● WHAT IS BEING ASKED
Using the records below, locate all lines containing "Punkten" and return them.

*** MATERIALS PROVIDED

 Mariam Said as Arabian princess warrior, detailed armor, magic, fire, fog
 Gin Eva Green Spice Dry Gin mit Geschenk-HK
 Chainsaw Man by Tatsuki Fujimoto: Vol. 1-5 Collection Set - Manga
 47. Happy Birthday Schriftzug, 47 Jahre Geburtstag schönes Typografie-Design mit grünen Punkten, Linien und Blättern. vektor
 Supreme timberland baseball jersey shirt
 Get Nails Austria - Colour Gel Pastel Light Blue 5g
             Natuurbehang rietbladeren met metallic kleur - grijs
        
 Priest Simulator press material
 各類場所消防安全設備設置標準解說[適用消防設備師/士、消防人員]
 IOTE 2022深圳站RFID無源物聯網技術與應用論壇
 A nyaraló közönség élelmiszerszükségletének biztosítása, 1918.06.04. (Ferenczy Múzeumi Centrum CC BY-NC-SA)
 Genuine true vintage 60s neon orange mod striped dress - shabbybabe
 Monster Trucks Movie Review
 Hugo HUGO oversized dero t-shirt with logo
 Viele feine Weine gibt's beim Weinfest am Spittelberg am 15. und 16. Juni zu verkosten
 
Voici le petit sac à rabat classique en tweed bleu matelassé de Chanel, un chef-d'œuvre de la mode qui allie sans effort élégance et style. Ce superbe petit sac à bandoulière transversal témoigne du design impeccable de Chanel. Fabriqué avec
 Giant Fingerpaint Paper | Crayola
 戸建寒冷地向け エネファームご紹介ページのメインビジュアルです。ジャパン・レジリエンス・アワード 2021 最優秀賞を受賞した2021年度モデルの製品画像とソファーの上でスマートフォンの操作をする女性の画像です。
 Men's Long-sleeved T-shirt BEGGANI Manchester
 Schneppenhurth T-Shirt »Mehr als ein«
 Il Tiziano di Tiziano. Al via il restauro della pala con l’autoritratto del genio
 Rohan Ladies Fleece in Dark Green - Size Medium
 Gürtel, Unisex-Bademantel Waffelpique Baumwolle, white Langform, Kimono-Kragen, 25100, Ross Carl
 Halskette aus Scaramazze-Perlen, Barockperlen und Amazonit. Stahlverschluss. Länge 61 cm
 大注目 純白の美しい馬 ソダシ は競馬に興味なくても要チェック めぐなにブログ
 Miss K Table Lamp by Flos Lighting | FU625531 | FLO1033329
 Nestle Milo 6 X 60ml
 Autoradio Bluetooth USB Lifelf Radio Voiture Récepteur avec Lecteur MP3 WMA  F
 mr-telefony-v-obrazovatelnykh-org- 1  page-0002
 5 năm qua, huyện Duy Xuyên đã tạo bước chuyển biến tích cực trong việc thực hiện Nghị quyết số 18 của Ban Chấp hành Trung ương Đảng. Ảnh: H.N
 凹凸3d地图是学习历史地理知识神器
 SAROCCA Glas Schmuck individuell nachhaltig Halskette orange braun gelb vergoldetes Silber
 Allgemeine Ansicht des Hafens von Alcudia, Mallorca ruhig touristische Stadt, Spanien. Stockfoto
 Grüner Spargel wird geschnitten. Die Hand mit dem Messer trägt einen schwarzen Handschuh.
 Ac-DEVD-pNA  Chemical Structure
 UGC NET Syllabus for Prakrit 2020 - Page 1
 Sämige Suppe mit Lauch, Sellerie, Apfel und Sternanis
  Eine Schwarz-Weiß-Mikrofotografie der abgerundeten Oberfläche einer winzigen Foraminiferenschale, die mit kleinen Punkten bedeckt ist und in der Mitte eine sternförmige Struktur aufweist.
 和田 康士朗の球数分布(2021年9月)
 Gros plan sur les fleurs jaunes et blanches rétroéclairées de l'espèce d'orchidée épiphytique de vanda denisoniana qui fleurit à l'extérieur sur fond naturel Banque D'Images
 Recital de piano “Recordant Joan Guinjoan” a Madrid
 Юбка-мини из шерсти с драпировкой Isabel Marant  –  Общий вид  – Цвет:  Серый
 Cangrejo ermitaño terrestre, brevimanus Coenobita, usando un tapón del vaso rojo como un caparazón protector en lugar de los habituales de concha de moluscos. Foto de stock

******

● SOLVED PROBLEM
 47. Happy Birthday Schriftzug, 47 Jahre Geburtstag schönes Typografie-Design mit grünen Punkten, Linien und Blättern. vektor
  Eine Schwarz-Weiß-Mikrofotografie der abgerundeten Oberfläche einer winzigen Foraminiferenschale, die mit kleinen Punkten bedeckt ist und in der Mitte eine sternförmige Struktur aufweist.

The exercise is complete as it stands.